280 members of the Massachusetts General Court 141 votes needed to win
| Nominee | Henry Cabot Lodge | Sherman L. Whipple |  |
| Party | Republican | Democratic |
| Electoral vote | 146 | 121 |
| Percentage | 52.33% | 43.37% |
| Senator before election Henry Cabot Lodge Republican | Elected Senator Henry Cabot Lodge Republican |

= 1911 United States Senate election in Massachusetts =

The 1911 United States Senate election in Massachusetts was held during January 1911. Republican incumbent Henry Cabot Lodge narrowly won election to a fourth term against intense opposition within his own party. Lodge received only five votes more than the necessary minimum for a majority.

At the time, Massachusetts elected United States senators by a majority vote of the combined houses of the Massachusetts General Court.

==Background==
Lodge faced opposition from Republican progressives over his support for protective tariffs, alleged connections to big business, and his opposition to popular election of Senators. The progressive opposition was led by U.S. representative Butler Ames, who declared his candidacy against Lodge on June 26, 1910, ahead of the fall elections for the state legislature.

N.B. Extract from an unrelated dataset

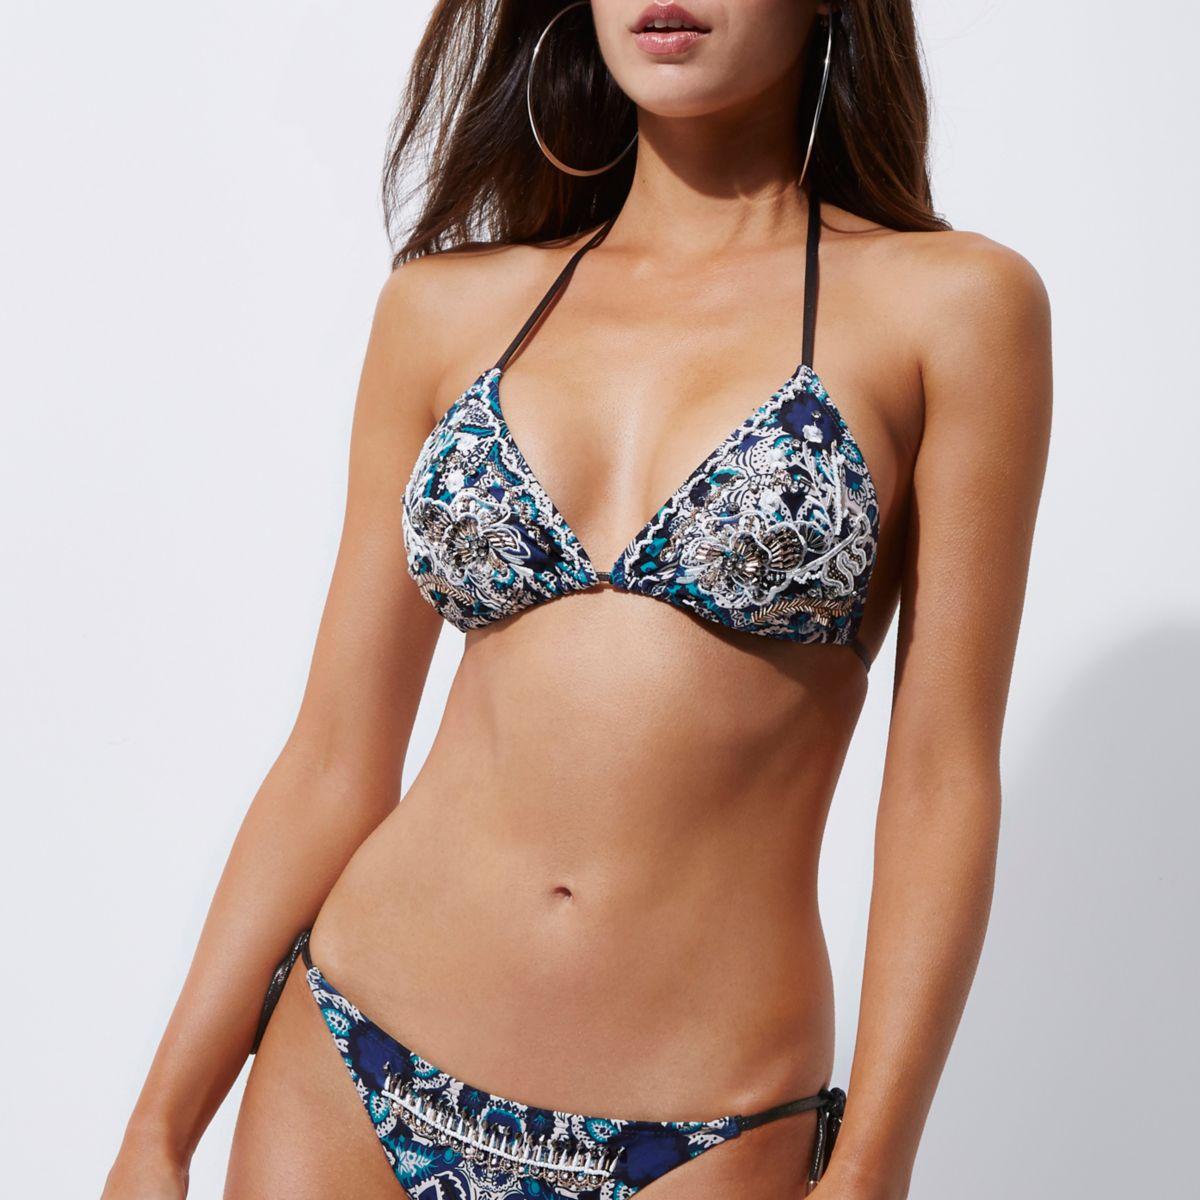 Blue embellished triangle string bikini top

Following the 1910 state election, the incoming Massachusetts Senate was composed of 25 Republicans and 15 Democrats. The Massachusetts House of Representatives was composed of 128 Republicans, 111 Democrats, and one Socialist. The overall composition of the General Court was 153 Republicans, 126 Democrats, and one Socialist.

==Polling==
In a November 10 canvas of Republican state legislators-elect, the Daily Globe found 51 in favor of Lodge's re-election, 12 opposed, and 50 uncommitted. 40 did not respond.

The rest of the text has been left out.